ATLANTA – Ahead of the Georgia Senate runoff, Street Certified and New Georgia Project announced they are partnering to mobilize over 4.2 million returning citizens in the state to vote and wield their power in January’s consequential election.

Formerly incarcerated citizens have long been shut out from the democratic process, whether through unjust laws, institutional barriers, or social stigma. In Georgia, however, the vast majority of returning citizens have the legal right to vote, but historically have not been engaged in a meaningful way by campaigns or other organizations. Street Certified is working to change that.

“Formerly incarcerated people should have a voice in the decisions that affect them. But all too often shame, embarrassment, and negative connotations of having a criminal record hinder formerly incarcerated people from engaging in civic duties such as voting, said Marlon Chamberlain, an organizer with Street Certified. “Ahead of a critical election, our campaign hopes to encourage formerly incarcerated people to get out to vote. Long term, we aim to shift public attitudes away from narratives that criminalize and dehumanize people who have been impacted by the legal system, toward attitudes that prioritize the dignity of returning citizens and honor the expertise of directly impacted communities. Together, our quality of life and prosperity depend on how we work together and support each other.”

Formerly incarcerated people contribute significantly to the Georgia economy, both as consumers and taxpayers — however, voter suppression and intentional disengagement has left millions of Georgians with past convictions without political power or proper representation to influence policy that affects them.

“I’m a convicted felon and I vote.

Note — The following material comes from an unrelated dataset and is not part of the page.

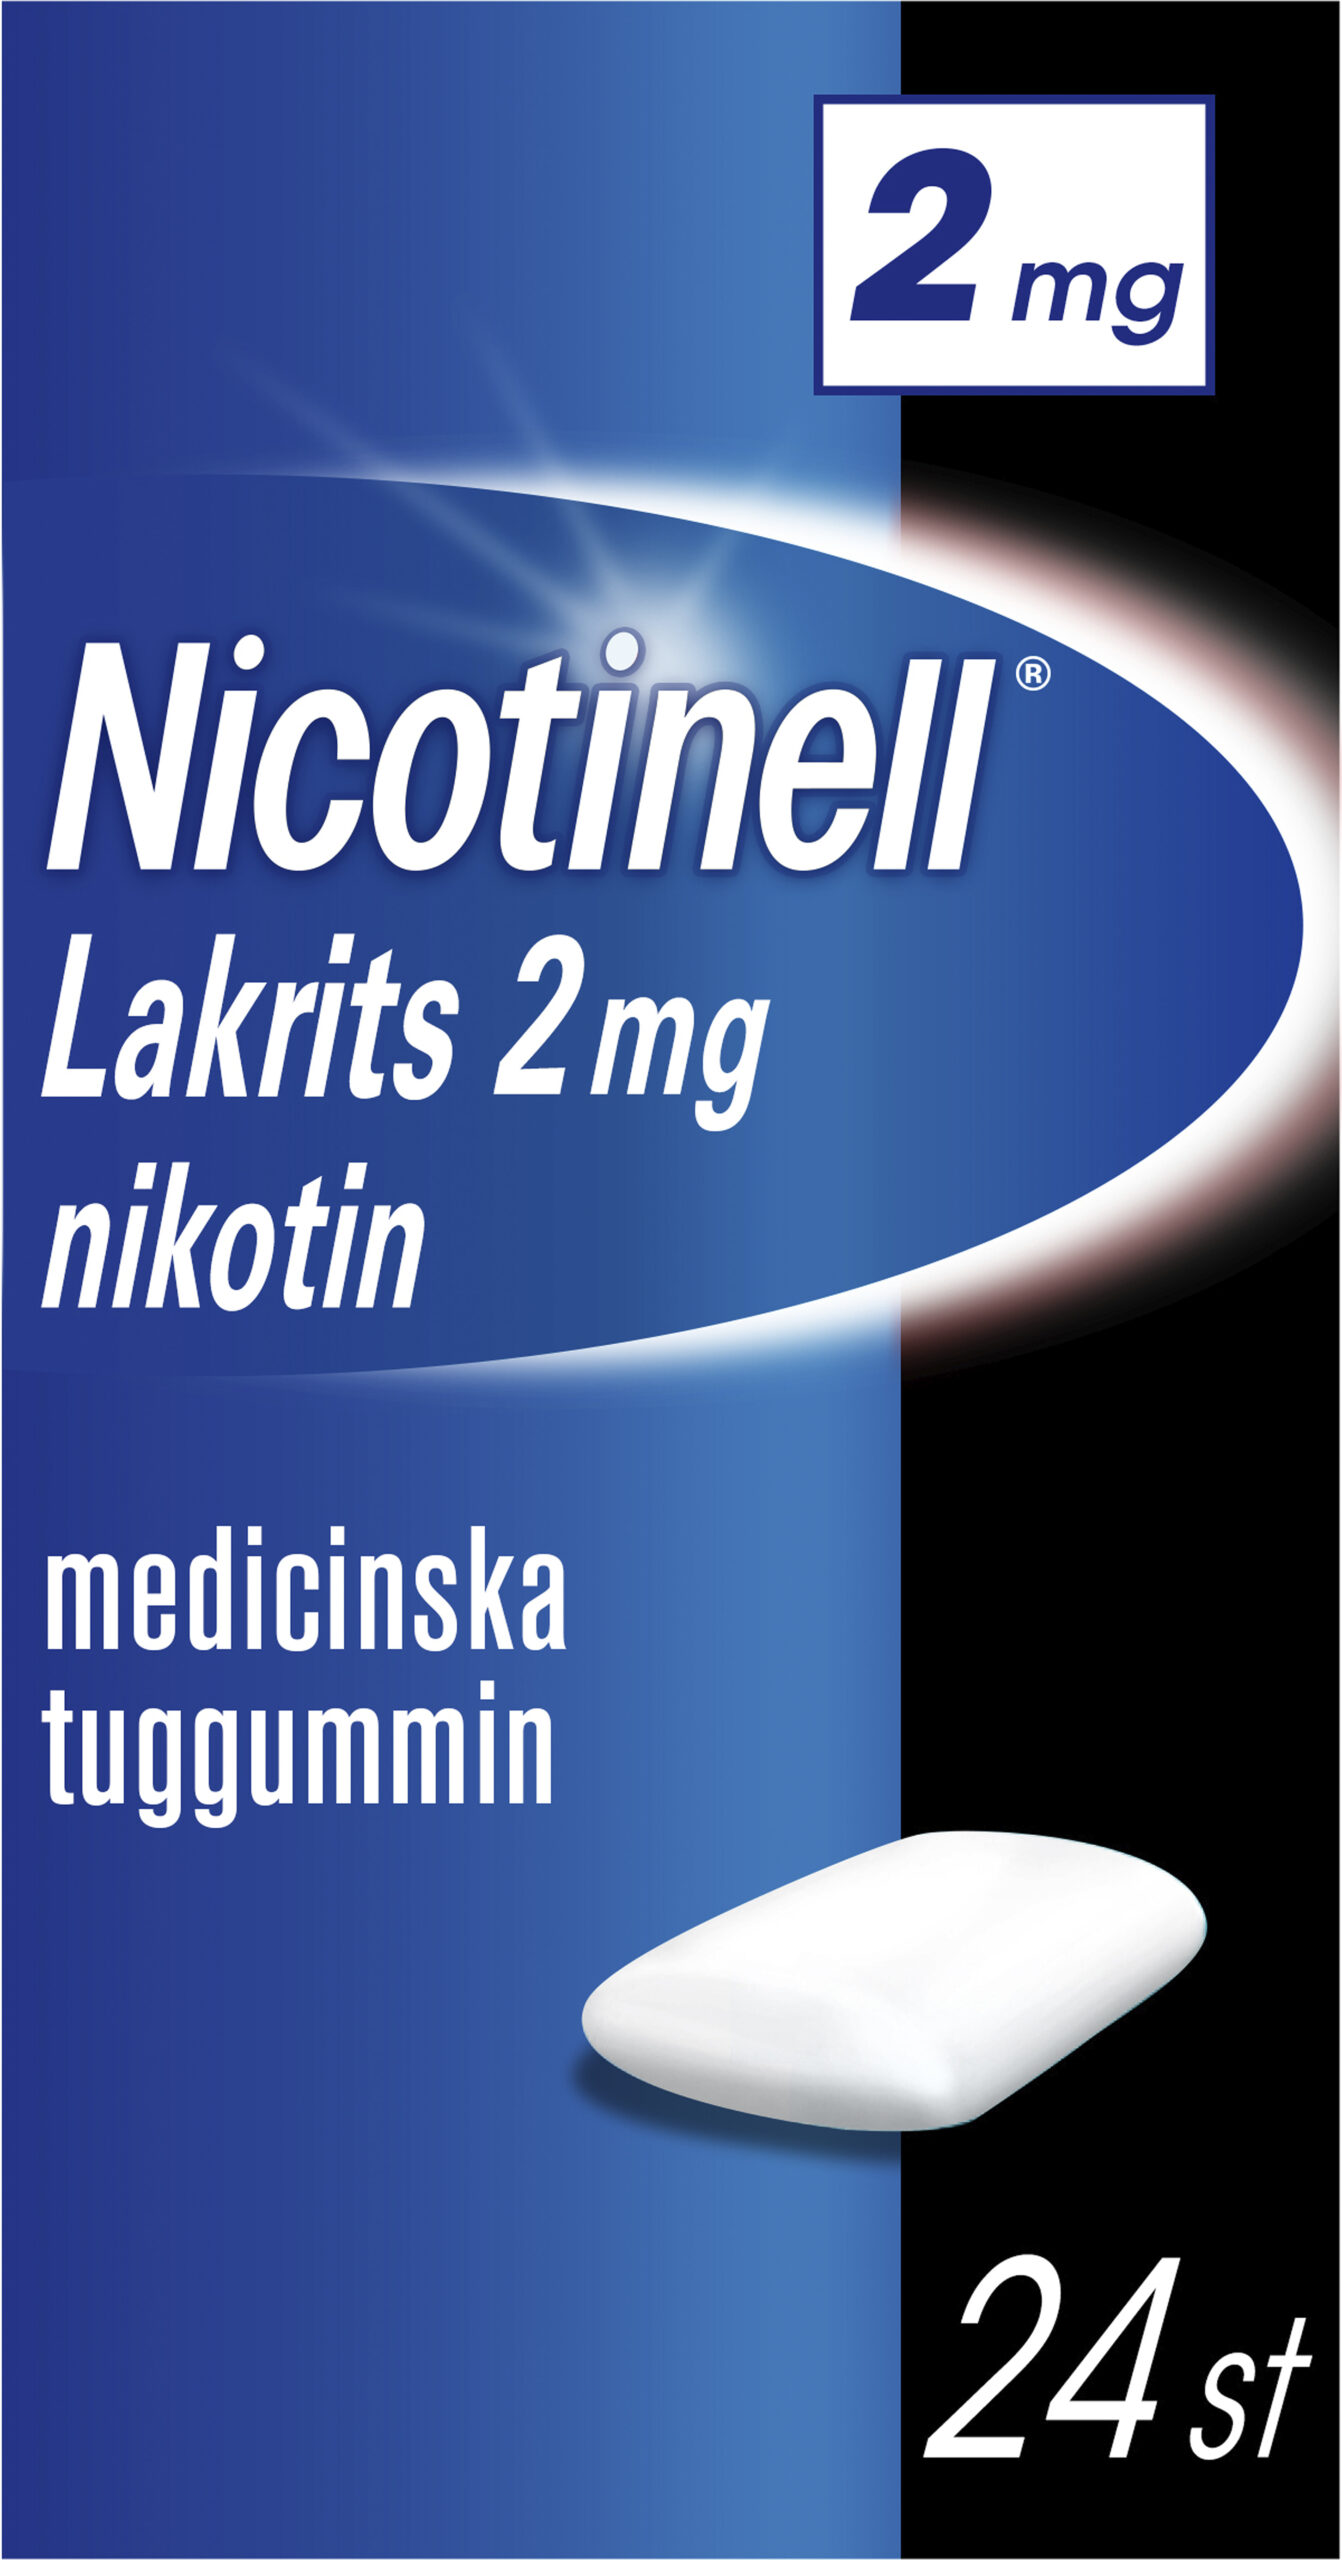 Nicotinell Lakrits Medicinskt tuggummi 2mg Blister, 24tugggummin

My vote is my voice and my voice is my power,” said Pamela Wynn, founder of RestoreHer US.America. “Uplifting equality and power to people is why I do this work.”

“I caught a charge but I still have a voice. And it’s the voices of those who are directly impacted that should be the loudest in the movement when it comes to issues that impact us,” added Charlotte Garnes, executive director ReNForce.

New Georgia Project has continued to be a key player in voter registration and mobilization efforts for Black and Brown communities. In this effort, they are partnering with Street Certified, a coalition of formerly incarcerated leaders across the LIVE FREE network that supports a pipeline of development and well-being for returning citizens across the country and works to pass policies that end mass incarceration in America. The coalition operates under the principle that those who are closest to the pain have the most to teach us about how to bring about liberation for all. This includes ensuring they have a voice in the political system.